__TRY IT__:
Once you find the line containing "How Much Does" in the data below, copy it and each following line exactly, up to and including the line containing "Group standing at", and nothing else.
━━━━━━━━━━━━━━━━━━━━━━━━━━━━━━
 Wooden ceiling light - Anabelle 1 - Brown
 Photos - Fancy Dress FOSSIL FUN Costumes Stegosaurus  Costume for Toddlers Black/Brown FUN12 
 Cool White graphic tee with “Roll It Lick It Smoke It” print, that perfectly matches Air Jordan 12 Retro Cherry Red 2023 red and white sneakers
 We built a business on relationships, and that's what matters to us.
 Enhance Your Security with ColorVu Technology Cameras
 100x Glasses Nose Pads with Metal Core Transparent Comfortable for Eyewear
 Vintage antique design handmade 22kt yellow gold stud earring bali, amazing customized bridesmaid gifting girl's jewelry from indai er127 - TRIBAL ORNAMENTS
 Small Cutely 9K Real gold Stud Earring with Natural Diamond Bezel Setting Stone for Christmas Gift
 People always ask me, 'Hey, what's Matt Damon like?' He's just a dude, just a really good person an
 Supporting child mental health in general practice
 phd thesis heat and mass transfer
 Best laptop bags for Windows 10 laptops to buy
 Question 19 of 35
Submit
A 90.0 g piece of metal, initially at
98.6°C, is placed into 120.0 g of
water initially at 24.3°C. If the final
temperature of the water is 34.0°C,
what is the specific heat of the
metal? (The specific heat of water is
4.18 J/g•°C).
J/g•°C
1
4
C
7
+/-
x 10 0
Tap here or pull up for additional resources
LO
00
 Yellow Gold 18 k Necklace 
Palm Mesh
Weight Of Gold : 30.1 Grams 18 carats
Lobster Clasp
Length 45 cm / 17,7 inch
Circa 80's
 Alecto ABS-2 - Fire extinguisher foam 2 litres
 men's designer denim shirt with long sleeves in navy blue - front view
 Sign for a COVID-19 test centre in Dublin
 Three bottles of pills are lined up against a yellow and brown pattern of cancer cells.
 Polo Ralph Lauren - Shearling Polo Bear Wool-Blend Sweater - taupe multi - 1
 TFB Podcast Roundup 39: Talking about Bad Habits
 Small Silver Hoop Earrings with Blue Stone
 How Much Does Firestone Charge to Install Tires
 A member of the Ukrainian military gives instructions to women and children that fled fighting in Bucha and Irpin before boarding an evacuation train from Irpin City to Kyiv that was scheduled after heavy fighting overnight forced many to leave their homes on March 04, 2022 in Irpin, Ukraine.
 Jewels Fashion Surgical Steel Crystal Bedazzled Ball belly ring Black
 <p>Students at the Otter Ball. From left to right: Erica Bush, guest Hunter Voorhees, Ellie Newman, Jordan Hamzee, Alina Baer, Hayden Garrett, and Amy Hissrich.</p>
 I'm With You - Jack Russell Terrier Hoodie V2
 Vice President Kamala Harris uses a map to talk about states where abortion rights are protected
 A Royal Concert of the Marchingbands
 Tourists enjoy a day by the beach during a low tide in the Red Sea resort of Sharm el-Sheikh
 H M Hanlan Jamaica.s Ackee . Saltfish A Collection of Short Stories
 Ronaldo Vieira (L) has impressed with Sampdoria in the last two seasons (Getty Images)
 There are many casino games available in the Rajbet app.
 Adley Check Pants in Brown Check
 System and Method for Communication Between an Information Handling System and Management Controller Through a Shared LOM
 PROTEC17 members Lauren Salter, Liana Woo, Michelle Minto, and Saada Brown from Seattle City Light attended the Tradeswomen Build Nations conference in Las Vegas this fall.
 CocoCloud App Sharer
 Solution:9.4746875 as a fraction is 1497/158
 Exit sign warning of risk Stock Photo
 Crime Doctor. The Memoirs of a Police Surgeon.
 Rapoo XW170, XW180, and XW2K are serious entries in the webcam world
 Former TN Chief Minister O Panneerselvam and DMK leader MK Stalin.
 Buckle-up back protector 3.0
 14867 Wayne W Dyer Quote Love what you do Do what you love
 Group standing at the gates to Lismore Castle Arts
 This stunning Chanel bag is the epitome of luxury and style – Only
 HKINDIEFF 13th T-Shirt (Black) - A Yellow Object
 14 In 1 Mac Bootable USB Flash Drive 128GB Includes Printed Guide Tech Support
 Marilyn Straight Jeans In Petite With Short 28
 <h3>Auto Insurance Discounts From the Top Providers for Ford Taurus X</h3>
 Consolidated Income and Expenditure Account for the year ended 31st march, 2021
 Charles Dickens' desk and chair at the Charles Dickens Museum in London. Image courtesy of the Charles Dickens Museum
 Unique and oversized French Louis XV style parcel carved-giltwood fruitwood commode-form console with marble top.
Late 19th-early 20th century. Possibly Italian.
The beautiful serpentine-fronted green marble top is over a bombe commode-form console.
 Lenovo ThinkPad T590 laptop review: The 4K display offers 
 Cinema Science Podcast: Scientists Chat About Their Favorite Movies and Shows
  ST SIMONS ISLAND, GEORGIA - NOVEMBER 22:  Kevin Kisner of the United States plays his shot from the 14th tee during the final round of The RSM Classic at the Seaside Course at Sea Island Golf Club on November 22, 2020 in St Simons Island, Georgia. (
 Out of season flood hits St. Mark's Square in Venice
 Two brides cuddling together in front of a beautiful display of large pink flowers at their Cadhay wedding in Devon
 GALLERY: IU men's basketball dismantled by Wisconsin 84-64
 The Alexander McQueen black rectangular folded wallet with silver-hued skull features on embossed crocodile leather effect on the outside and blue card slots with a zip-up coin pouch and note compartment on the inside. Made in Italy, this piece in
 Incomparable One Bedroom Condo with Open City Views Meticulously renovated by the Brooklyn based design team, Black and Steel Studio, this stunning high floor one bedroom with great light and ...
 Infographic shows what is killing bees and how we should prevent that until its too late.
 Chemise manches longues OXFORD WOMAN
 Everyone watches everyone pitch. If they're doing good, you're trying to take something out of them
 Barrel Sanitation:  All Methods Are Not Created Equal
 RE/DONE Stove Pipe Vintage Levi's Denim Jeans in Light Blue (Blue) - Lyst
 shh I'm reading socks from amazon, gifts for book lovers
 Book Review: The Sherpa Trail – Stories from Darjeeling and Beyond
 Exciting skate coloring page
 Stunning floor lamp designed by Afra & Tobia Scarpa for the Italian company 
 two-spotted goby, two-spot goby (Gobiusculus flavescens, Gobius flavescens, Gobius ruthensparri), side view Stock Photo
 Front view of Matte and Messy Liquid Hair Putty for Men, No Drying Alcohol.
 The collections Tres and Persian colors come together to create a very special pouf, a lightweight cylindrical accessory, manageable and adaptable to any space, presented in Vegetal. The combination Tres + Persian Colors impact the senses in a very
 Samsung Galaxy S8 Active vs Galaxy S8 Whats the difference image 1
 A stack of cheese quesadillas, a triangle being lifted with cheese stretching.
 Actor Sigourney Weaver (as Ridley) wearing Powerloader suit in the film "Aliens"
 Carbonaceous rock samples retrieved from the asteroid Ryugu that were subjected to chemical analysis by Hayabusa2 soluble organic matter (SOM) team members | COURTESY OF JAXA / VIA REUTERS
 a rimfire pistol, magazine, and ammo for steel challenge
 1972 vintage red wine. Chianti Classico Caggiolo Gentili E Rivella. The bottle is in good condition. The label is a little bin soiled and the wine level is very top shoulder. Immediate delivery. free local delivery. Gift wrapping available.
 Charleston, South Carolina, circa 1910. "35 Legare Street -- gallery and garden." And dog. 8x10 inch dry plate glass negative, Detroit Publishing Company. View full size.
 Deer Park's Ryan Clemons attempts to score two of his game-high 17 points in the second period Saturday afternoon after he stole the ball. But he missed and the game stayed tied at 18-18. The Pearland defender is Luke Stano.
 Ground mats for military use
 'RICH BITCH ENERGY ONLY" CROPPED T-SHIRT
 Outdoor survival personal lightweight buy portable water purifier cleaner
━━━━━━━━━━━━━━━━━━━━━━━━━━━━━━
__PROBLEM SOLUTION__:
 How Much Does Firestone Charge to Install Tires
 A member of the Ukrainian military gives instructions to women and children that fled fighting in Bucha and Irpin before boarding an evacuation train from Irpin City to Kyiv that was scheduled after heavy fighting overnight forced many to leave their homes on March 04, 2022 in Irpin, Ukraine.
 Jewels Fashion Surgical Steel Crystal Bedazzled Ball belly ring Black
 <p>Students at the Otter Ball. From left to right: Erica Bush, guest Hunter Voorhees, Ellie Newman, Jordan Hamzee, Alina Baer, Hayden Garrett, and Amy Hissrich.</p>
 I'm With You - Jack Russell Terrier Hoodie V2
 Vice President Kamala Harris uses a map to talk about states where abortion rights are protected
 A Royal Concert of the Marchingbands
 Tourists enjoy a day by the beach during a low tide in the Red Sea resort of Sharm el-Sheikh
 H M Hanlan Jamaica.s Ackee . Saltfish A Collection of Short Stories
 Ronaldo Vieira (L) has impressed with Sampdoria in the last two seasons (Getty Images)
 There are many casino games available in the Rajbet app.
 Adley Check Pants in Brown Check
 System and Method for Communication Between an Information Handling System and Management Controller Through a Shared LOM
 PROTEC17 members Lauren Salter, Liana Woo, Michelle Minto, and Saada Brown from Seattle City Light attended the Tradeswomen Build Nations conference in Las Vegas this fall.
 CocoCloud App Sharer
 Solution:9.4746875 as a fraction is 1497/158
 Exit sign warning of risk Stock Photo
 Crime Doctor. The Memoirs of a Police Surgeon.
 Rapoo XW170, XW180, and XW2K are serious entries in the webcam world
 Former TN Chief Minister O Panneerselvam and DMK leader MK Stalin.
 Buckle-up back protector 3.0
 14867 Wayne W Dyer Quote Love what you do Do what you love
 Group standing at the gates to Lismore Castle Arts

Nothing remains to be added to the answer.